Sapir (1949), in delineating the various types of communication from interpersonal communication to mass media, and from language to gesture to “social suggestion” (p. 106) argues that these types of communication are linked to the construction of society, which is not a fixed construct, but one that is constantly in flux. In particular he concludes (in a prescient essay originally written in 1931) that evolving communication technologies would force an increasingly smaller global society to overcome its biggest communication obstacle: language translation. He predicts “that the civilized world will adopt one language of intercommunication, say English or Esperanto, which can be set aside for denotive purposes pure and simple. (p. 109)

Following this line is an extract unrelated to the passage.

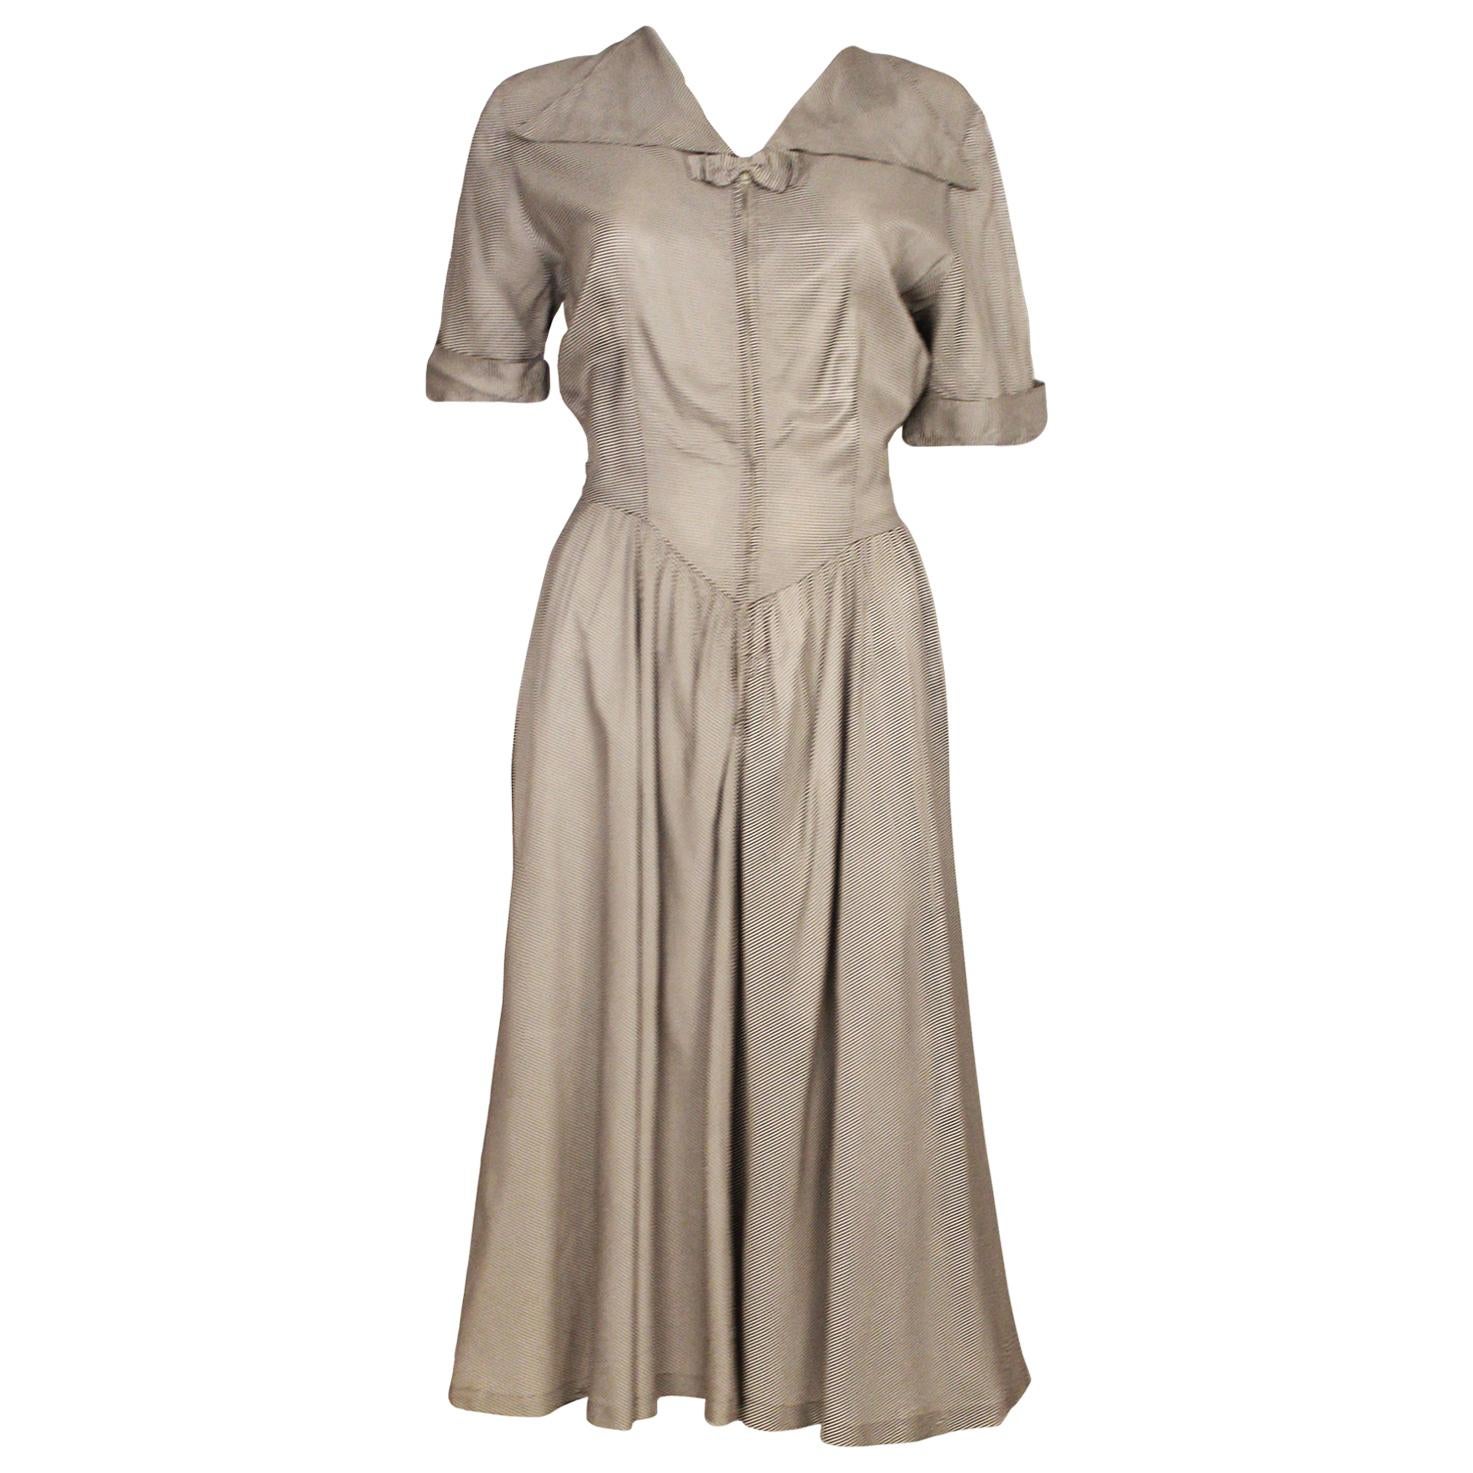  Vintage 1940s Black & White Stripe Tea Dress For Sale

For my own interests in journalism and media studies, I connect parts of all three of these studies to form a sort of nascent theory of the ultimate goals of the journalistic process. From Buckland (1991) I take the idea that knowledge is dependent on belief, which relates to studies showing that readers’ trust in newsgathering organizations has fallen precipitously low. Regardless of the accuracy of a given news report (Buckland dismisses accuracy as a qualification for information), the public will be disinclined to accept information from that news report if they do not first believe in that information. Of course, Buckland also raises some problems inherent in any physical representation of information: it is liable to be misinterpreted by its consumer, and will be filtered through both human interpretation and the limitations of language by its author. (p. 53) The optimist in me would hope that a news consumer would accept these limitations and therefore, at least provisionally, accept a news report from a reliable source (and I don’t have a method yet for determining what is “reliable”—perhaps that is left up to the relationship between the individual news consumer and the news organization).

The cynic in me however, is liable to turn to McMurtry (2002) for a reason—as a news consumer myself—to distrust these organizations. McMurtry’s argument that an ingrained value structure dictates the ability of certain facts to penetrate the mass mind clearly links to Buckland’s assertion that knowledge depends on belief. If this moral framework is as pervasive and insidious as McMurtry makes it out to be, then that belief system will not allow the mass audience to become informed in Buckland’s definition, since becoming informed relies on “a change in our beliefs” (p. 40)

This pervasiveness, of course, is largely possible because of the globalization of communication that Sapir (1963) predicts. The propaganda that McMurtry reviles has swamped the global communication network that Sapir predicts, overwhelming the construction of a global society, as Sapir defines society. Luckily for adherents to McMurtry’s argument (and though I’m swayed, I’m not yet convinced), Sapir does write that society is a process, and McMurtry’s proposed solution remains achievable: “Once the human project is released from their invisible prison of presupposition, the constitutional resources to steer out of the accumulating breakdown of life conditions become decisively evident” (p. xxv).

As for the ultimate goal of journalism, it could be seen as to inform, in Buckland’s definition, in order to avoid the sort of mass misinformation evident in McMurtry’s essay in order to build Sapir’s conception of society.